Il sistema insediativo e la struttura interna dei centri messapici hanno subìto delle sostanziali modifiche attorno alla metà del VI secolo a.C., fase in cui si denota una maggiore complessità della società indigena; si assistette così alla formazione di estesi insediamenti proto-urbani che raggrupparono i piccoli villaggi precedentemente sparsi sul territorio.
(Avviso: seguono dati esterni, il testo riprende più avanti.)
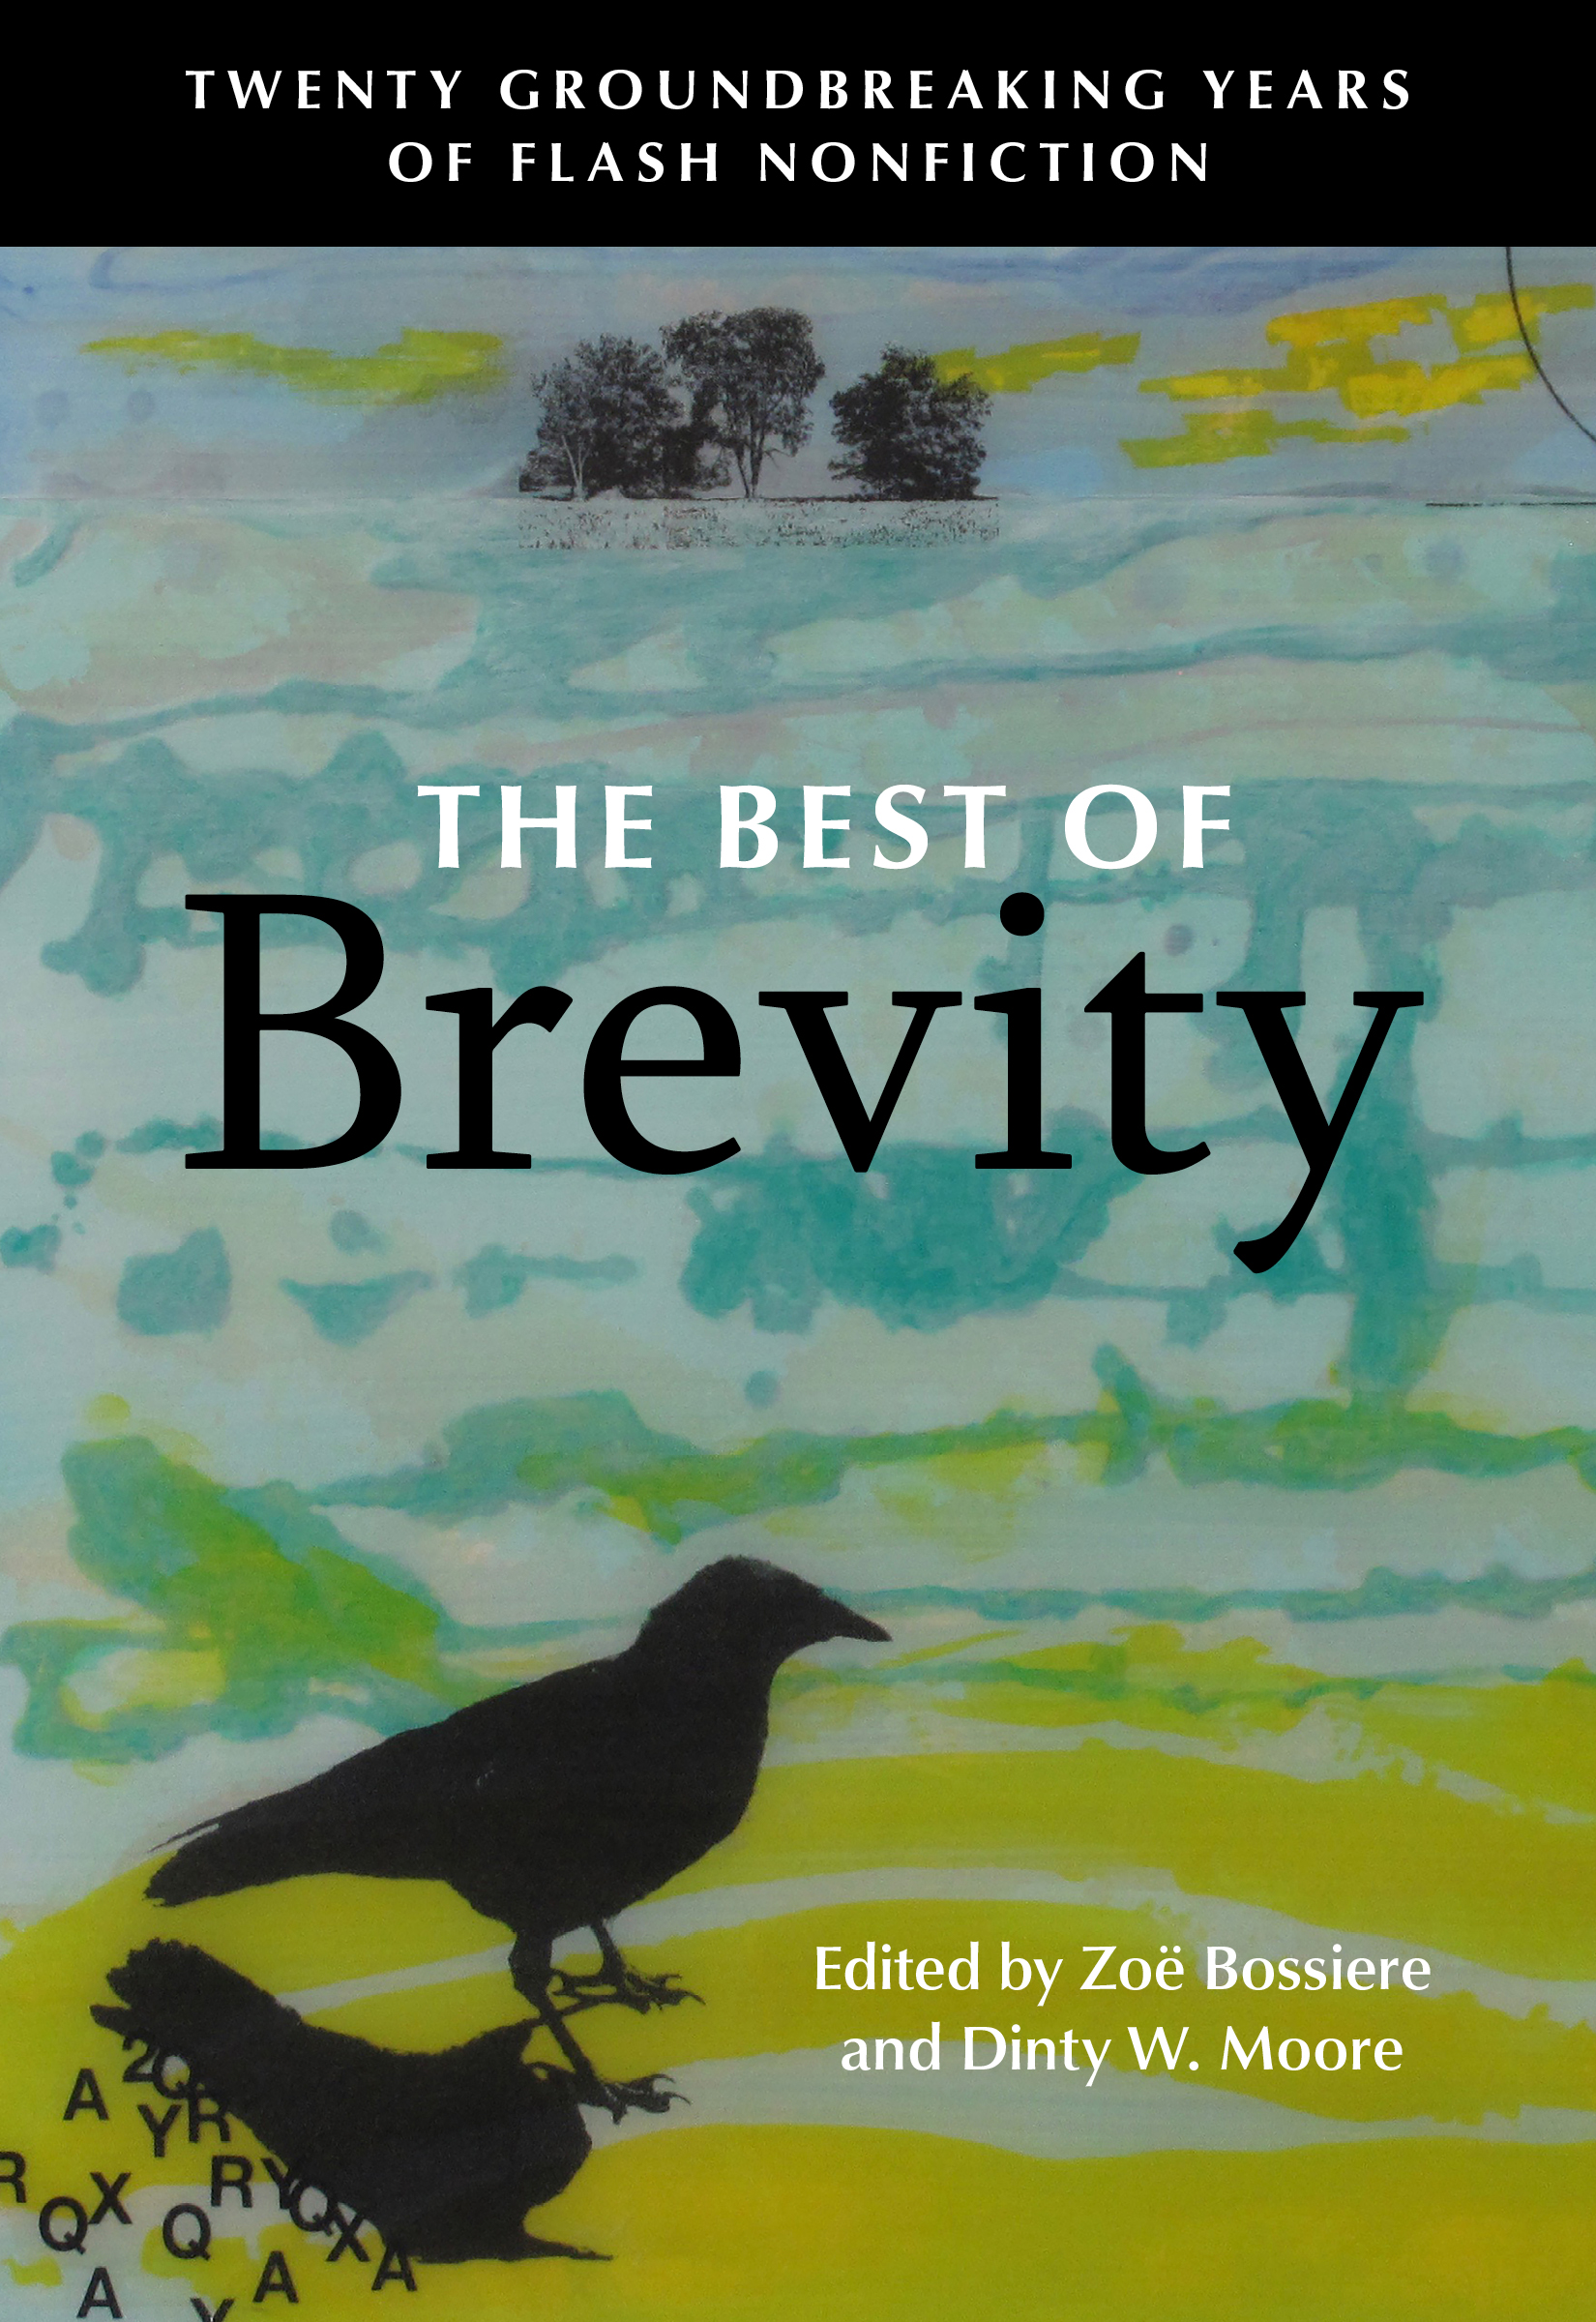 The Best of Brevity by Zoë Bossiere Free Download

Per quanto riguarda il sistema insediativo, l’età classica si caratterizzò per il ritorno ad esperienze abitative disperse nel territorio. Si tratta di dirette conseguenze, probabilmente, delle vicende belliche che hanno visto contrapporsi i Messapi ai Tarantini. Ciò comportò una reazione della popolazione indigena che, nel 470 a.C., riuscì ad arginare le mire espansionistiche di Taranto. A seguito di questi eventi bellici i contatti commerciali tra la Messapia e Taranto subirono un brusco rallentamento per tutto il V secolo a.C., mentre gli ottimi rapporti fra i Messapi ed il mediterraneo orientale si riconfermano eccellenti, come attestato sia nell’archeologia che nell’antica tradizione letteraria.
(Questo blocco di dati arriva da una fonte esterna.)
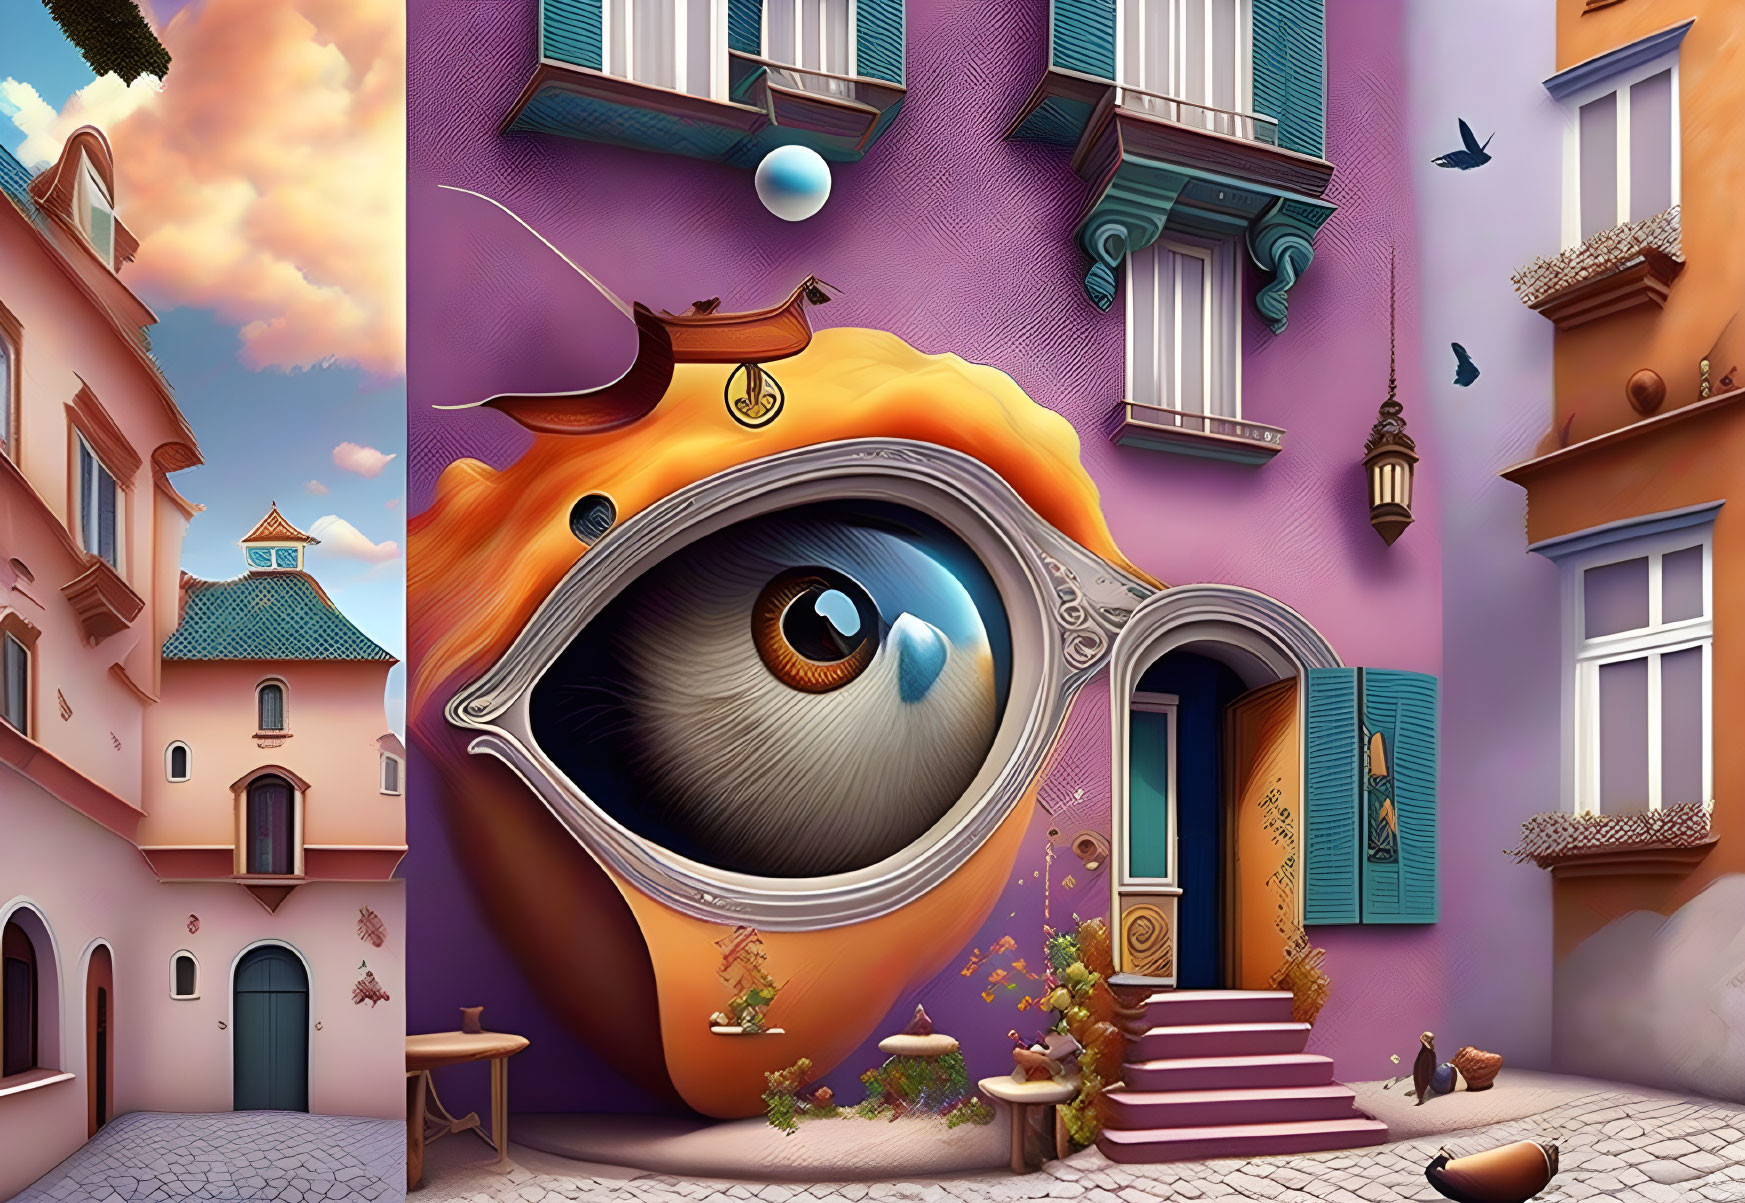 Whimsical building facade with giant eye in eyeglass frames

In età ellenistica la penisola salentina subì il processo di ellenizzazione che perdurò fino al 272 a.C., anno della caduta di Taranto ad opera di Roma che, come precedentemente citato, nel decennio successivo (267-266 a.C.) a seguito del bellum sallentinum, assoggettò i Messapi aprendo una nuova stagione politico-culturale e dando il via ad un completo riassetto territoriale. Analizzando lo sviluppo dei Messapi sul territorio si possono rilevare degli insediamenti nell’entroterra e, legati ad essi, numerosi centri costieri. La mappa stessa permette di constatare che questi centri, indipendentemente dalle dimensioni, erano equamente distribuiti con un perfetto equilibrio tra il versante adriatico e quello ionico. L’insediamento di Roca Vecchia è proprio uno di questi.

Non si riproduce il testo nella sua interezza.